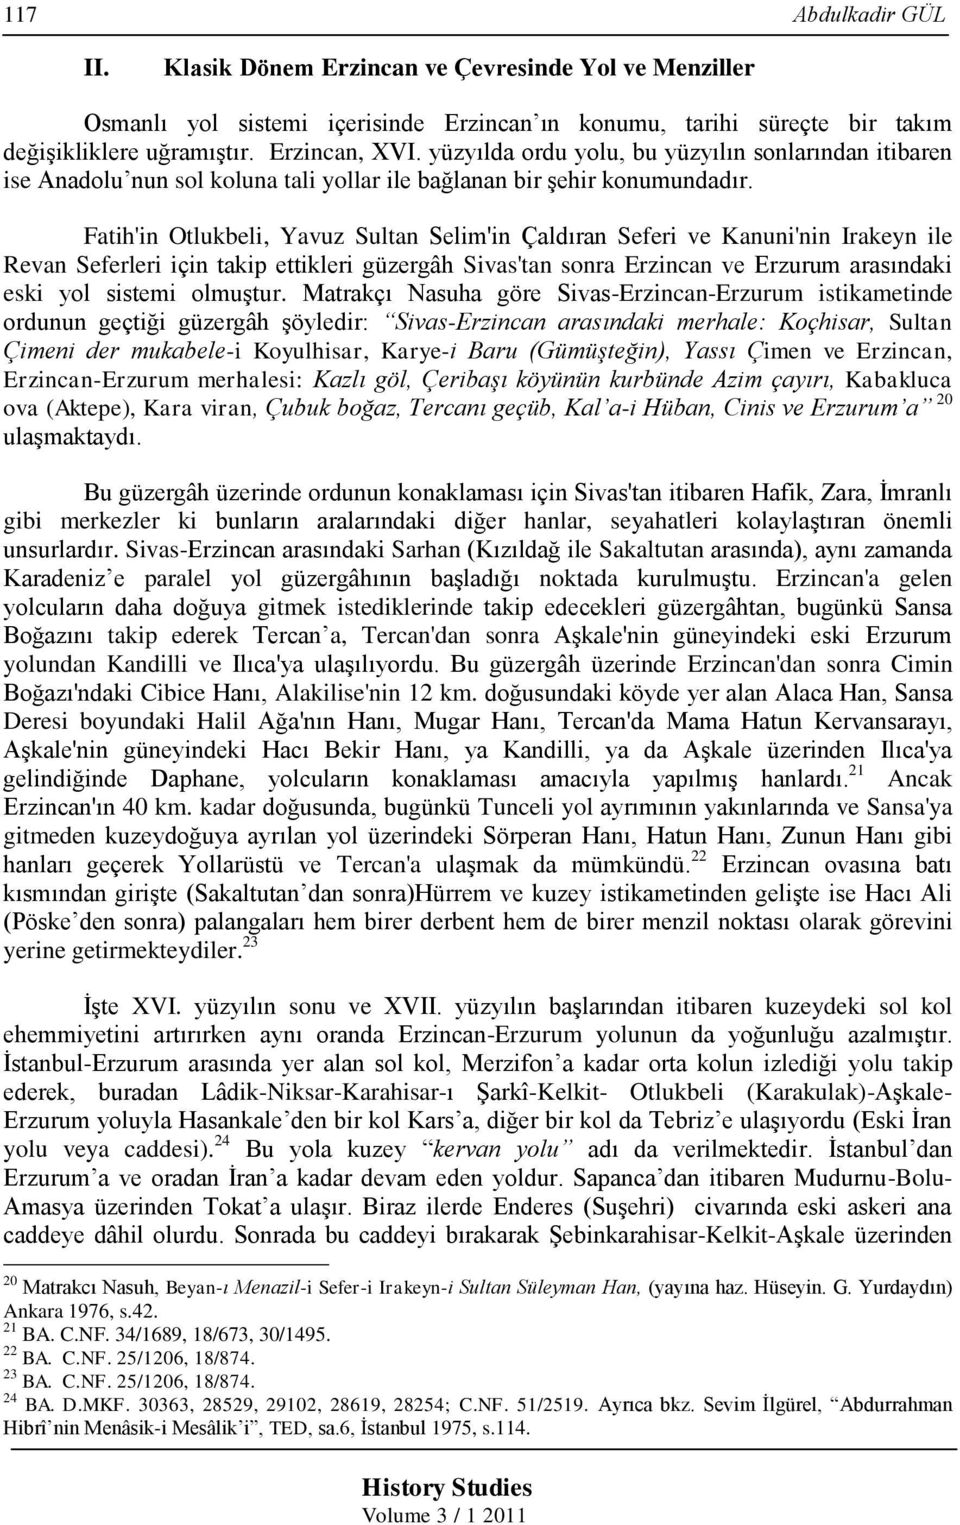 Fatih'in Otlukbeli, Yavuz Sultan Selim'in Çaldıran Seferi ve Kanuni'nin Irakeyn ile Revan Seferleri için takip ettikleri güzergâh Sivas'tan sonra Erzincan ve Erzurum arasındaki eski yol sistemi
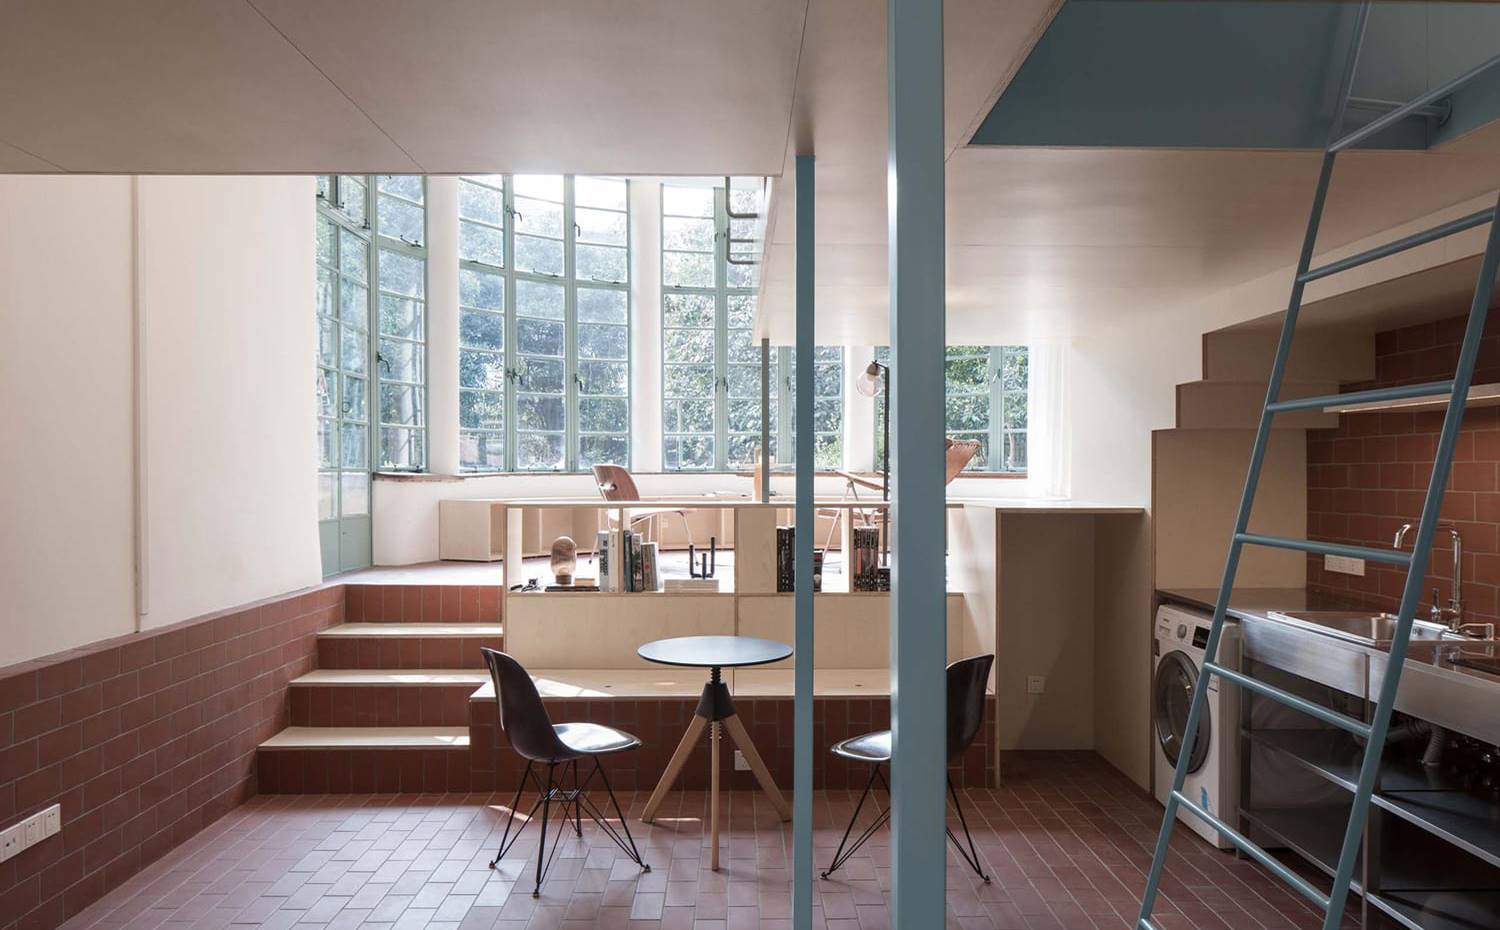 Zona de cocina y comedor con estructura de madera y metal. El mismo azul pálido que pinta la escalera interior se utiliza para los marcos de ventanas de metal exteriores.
* * *
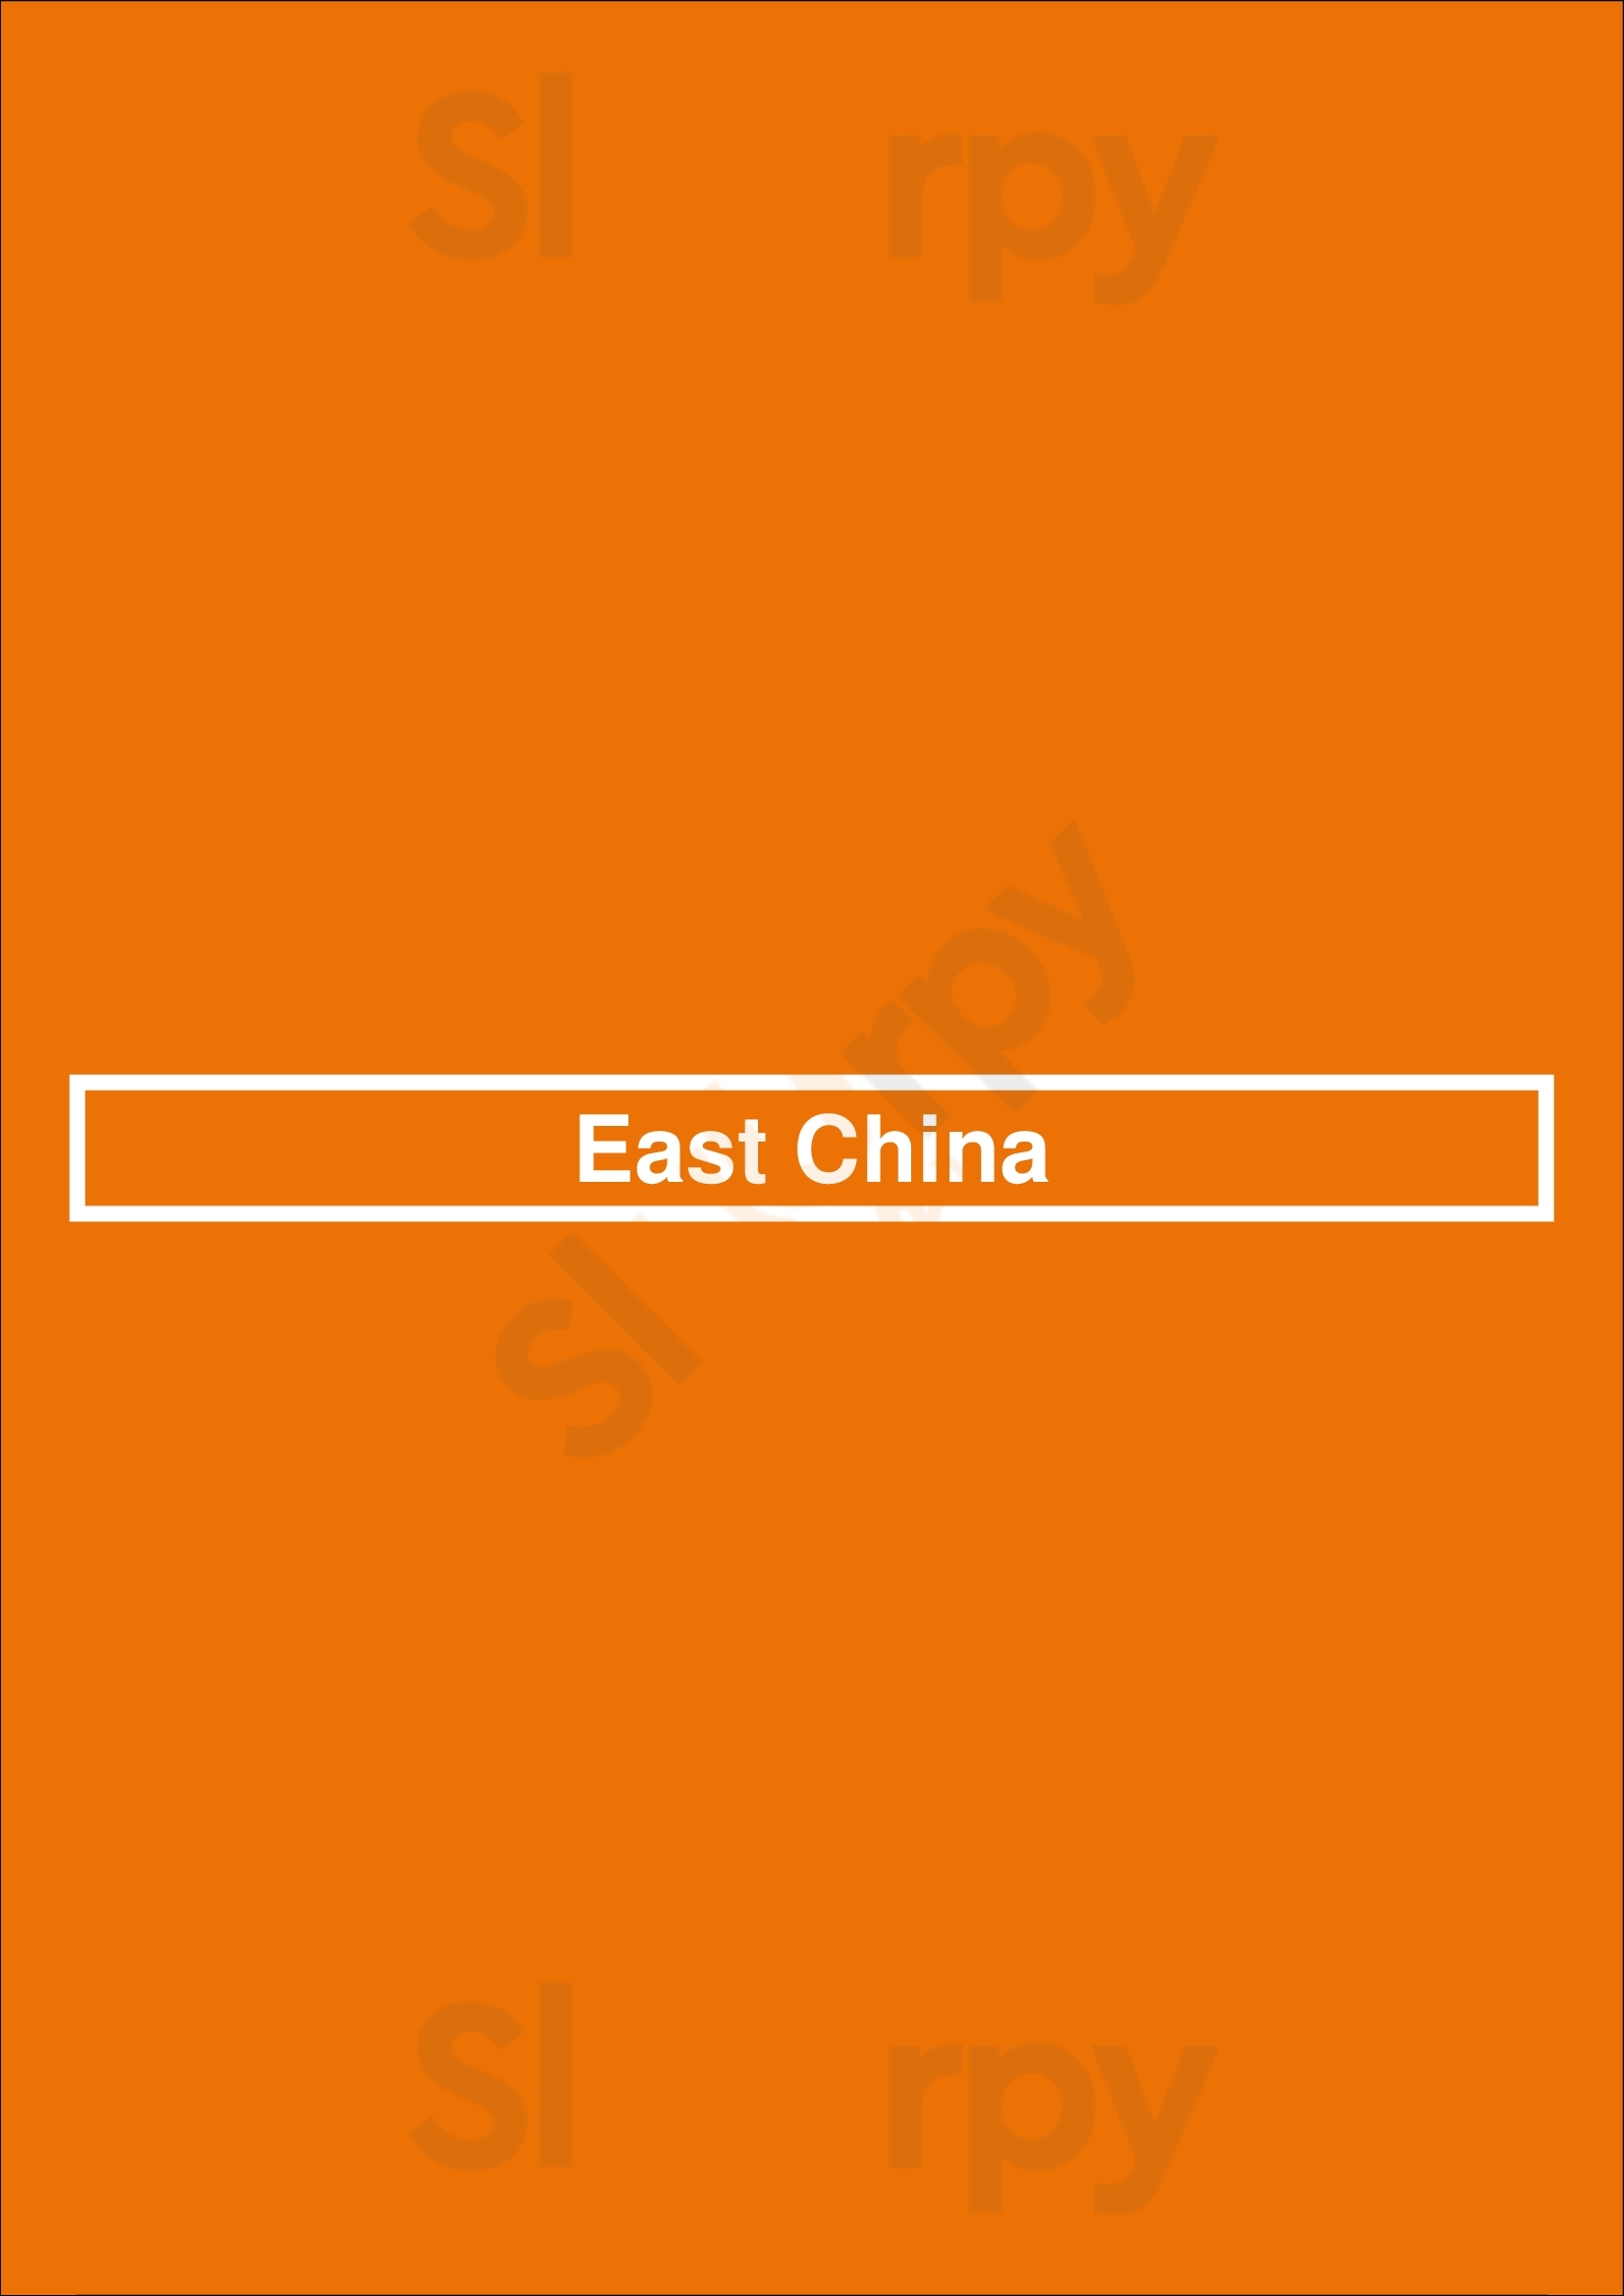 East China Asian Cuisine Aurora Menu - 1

= YOUR GOAL =
Within the entries above, the lines from the one containing "Fatih'in Otlukbeli, Yavuz" through the one containing "Zona de cocina" are to be transcribed exactly, ends included, pictures excluded.

= RESPONSE AREA =
 Fatih'in Otlukbeli, Yavuz Sultan Selim'in Çaldıran Seferi ve Kanuni'nin Irakeyn ile Revan Seferleri için takip ettikleri güzergâh Sivas'tan sonra Erzincan ve Erzurum arasındaki eski yol sistemi
 Zona de cocina y comedor con estructura de madera y metal. El mismo azul pálido que pinta la escalera interior se utiliza para los marcos de ventanas de metal exteriores.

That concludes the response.